#### Saved entries:
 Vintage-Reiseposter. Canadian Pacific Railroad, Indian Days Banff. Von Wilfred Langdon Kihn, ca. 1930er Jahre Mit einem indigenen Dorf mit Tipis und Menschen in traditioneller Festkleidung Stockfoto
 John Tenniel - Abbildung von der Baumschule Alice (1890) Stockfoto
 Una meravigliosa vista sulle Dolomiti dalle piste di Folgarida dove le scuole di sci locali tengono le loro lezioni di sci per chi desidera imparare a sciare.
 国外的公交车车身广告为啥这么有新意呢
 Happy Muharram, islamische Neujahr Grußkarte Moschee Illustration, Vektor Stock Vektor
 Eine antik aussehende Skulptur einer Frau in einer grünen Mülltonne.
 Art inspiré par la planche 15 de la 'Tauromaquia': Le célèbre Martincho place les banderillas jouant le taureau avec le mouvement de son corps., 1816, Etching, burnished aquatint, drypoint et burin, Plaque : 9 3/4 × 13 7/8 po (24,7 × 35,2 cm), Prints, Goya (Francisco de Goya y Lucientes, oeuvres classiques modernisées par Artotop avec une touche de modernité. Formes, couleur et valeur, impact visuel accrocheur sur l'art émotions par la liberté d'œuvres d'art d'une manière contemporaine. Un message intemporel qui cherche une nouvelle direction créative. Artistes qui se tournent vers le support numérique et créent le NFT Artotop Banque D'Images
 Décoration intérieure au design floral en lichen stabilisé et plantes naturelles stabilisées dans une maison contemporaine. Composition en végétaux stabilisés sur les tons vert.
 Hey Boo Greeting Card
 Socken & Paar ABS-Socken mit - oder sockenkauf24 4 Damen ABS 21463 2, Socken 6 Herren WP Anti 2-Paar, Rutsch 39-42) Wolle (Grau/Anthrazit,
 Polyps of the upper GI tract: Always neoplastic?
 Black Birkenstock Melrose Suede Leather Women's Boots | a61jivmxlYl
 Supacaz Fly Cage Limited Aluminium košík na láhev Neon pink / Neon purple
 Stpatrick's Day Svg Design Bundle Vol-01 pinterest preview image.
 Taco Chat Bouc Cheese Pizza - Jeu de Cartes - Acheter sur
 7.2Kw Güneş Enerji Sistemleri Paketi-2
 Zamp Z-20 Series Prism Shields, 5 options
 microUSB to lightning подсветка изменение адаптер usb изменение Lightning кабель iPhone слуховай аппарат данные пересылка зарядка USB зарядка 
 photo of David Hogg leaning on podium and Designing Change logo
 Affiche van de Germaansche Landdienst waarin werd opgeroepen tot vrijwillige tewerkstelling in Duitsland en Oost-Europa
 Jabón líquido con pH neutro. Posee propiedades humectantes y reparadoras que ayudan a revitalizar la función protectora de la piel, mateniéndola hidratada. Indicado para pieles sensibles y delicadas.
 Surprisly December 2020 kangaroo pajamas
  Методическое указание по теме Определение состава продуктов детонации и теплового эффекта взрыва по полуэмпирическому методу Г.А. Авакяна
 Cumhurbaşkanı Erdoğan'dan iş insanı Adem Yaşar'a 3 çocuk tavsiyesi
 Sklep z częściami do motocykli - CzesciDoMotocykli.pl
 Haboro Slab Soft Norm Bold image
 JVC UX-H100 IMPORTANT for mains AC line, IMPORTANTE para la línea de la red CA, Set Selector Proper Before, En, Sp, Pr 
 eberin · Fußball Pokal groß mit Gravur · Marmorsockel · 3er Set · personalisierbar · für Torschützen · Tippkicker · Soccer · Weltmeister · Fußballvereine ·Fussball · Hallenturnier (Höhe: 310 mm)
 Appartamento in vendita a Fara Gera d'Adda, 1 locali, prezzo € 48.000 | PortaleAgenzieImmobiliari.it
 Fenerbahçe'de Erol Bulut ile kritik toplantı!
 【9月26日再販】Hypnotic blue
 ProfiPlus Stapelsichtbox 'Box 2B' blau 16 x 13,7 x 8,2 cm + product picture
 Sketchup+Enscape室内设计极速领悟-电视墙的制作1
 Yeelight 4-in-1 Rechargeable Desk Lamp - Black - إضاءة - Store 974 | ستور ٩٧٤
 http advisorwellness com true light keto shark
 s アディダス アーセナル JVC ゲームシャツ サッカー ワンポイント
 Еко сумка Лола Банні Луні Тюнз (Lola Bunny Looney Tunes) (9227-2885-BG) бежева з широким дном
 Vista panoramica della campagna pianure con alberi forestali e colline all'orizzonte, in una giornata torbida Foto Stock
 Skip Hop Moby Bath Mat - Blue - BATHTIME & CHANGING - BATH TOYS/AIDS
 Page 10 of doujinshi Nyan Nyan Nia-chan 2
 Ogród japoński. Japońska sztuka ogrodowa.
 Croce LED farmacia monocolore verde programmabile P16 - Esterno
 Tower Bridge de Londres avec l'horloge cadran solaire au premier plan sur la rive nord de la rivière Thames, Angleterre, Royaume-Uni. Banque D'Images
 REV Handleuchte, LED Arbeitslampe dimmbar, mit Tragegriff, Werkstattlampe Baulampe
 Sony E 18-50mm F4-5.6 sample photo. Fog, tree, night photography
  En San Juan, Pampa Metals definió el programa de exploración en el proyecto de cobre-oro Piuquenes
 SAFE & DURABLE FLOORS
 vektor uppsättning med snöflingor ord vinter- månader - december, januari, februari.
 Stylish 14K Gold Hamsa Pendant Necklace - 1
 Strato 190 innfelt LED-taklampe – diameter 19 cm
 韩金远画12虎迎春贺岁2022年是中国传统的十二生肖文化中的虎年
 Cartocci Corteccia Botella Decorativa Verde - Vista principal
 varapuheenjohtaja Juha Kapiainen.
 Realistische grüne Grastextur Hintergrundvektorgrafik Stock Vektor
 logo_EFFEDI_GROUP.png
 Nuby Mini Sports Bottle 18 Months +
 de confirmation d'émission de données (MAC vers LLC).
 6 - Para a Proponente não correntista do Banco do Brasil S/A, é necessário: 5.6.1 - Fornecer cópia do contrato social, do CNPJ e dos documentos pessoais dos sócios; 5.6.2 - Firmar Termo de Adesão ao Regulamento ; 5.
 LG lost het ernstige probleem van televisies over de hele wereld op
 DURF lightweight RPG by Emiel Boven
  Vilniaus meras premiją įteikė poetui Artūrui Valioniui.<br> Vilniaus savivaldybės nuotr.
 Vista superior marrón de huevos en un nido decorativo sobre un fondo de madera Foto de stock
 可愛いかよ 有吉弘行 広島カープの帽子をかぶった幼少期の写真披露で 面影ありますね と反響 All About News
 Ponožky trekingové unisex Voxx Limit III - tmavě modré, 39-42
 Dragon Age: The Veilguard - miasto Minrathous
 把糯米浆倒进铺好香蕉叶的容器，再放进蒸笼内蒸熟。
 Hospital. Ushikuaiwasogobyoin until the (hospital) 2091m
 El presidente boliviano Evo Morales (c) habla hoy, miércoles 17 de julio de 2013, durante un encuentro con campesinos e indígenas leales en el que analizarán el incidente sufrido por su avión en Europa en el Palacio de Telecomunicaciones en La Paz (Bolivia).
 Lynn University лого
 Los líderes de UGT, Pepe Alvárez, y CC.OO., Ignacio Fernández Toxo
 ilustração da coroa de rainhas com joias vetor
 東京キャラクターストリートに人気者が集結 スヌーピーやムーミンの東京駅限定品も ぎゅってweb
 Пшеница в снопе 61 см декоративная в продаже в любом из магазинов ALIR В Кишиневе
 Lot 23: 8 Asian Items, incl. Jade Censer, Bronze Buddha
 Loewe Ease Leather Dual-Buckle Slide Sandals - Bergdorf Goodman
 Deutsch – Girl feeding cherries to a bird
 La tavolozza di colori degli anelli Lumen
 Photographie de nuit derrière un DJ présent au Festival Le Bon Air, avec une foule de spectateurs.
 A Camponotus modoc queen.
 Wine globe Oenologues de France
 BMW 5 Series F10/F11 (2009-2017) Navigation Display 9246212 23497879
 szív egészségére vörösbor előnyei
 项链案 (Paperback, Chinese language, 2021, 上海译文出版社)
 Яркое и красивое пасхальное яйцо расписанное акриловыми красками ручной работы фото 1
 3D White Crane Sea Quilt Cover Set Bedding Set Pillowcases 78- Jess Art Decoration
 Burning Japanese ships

#### Action item:
Your task for the entries above: copy exactly the span starting with the line with "LG lost het" and going on through the line with "Пшеница в снопе", both lines included, and nothing else.

#### Answer space:
 LG lost het ernstige probleem van televisies over de hele wereld op
 DURF lightweight RPG by Emiel Boven
  Vilniaus meras premiją įteikė poetui Artūrui Valioniui.<br> Vilniaus savivaldybės nuotr.
 Vista superior marrón de huevos en un nido decorativo sobre un fondo de madera Foto de stock
 可愛いかよ 有吉弘行 広島カープの帽子をかぶった幼少期の写真披露で 面影ありますね と反響 All About News
 Ponožky trekingové unisex Voxx Limit III - tmavě modré, 39-42
 Dragon Age: The Veilguard - miasto Minrathous
 把糯米浆倒进铺好香蕉叶的容器，再放进蒸笼内蒸熟。
 Hospital. Ushikuaiwasogobyoin until the (hospital) 2091m
 El presidente boliviano Evo Morales (c) habla hoy, miércoles 17 de julio de 2013, durante un encuentro con campesinos e indígenas leales en el que analizarán el incidente sufrido por su avión en Europa en el Palacio de Telecomunicaciones en La Paz (Bolivia).
 Lynn University лого
 Los líderes de UGT, Pepe Alvárez, y CC.OO., Ignacio Fernández Toxo
 ilustração da coroa de rainhas com joias vetor
 東京キャラクターストリートに人気者が集結 スヌーピーやムーミンの東京駅限定品も ぎゅってweb
 Пшеница в снопе 61 см декоративная в продаже в любом из магазинов ALIR В Кишиневе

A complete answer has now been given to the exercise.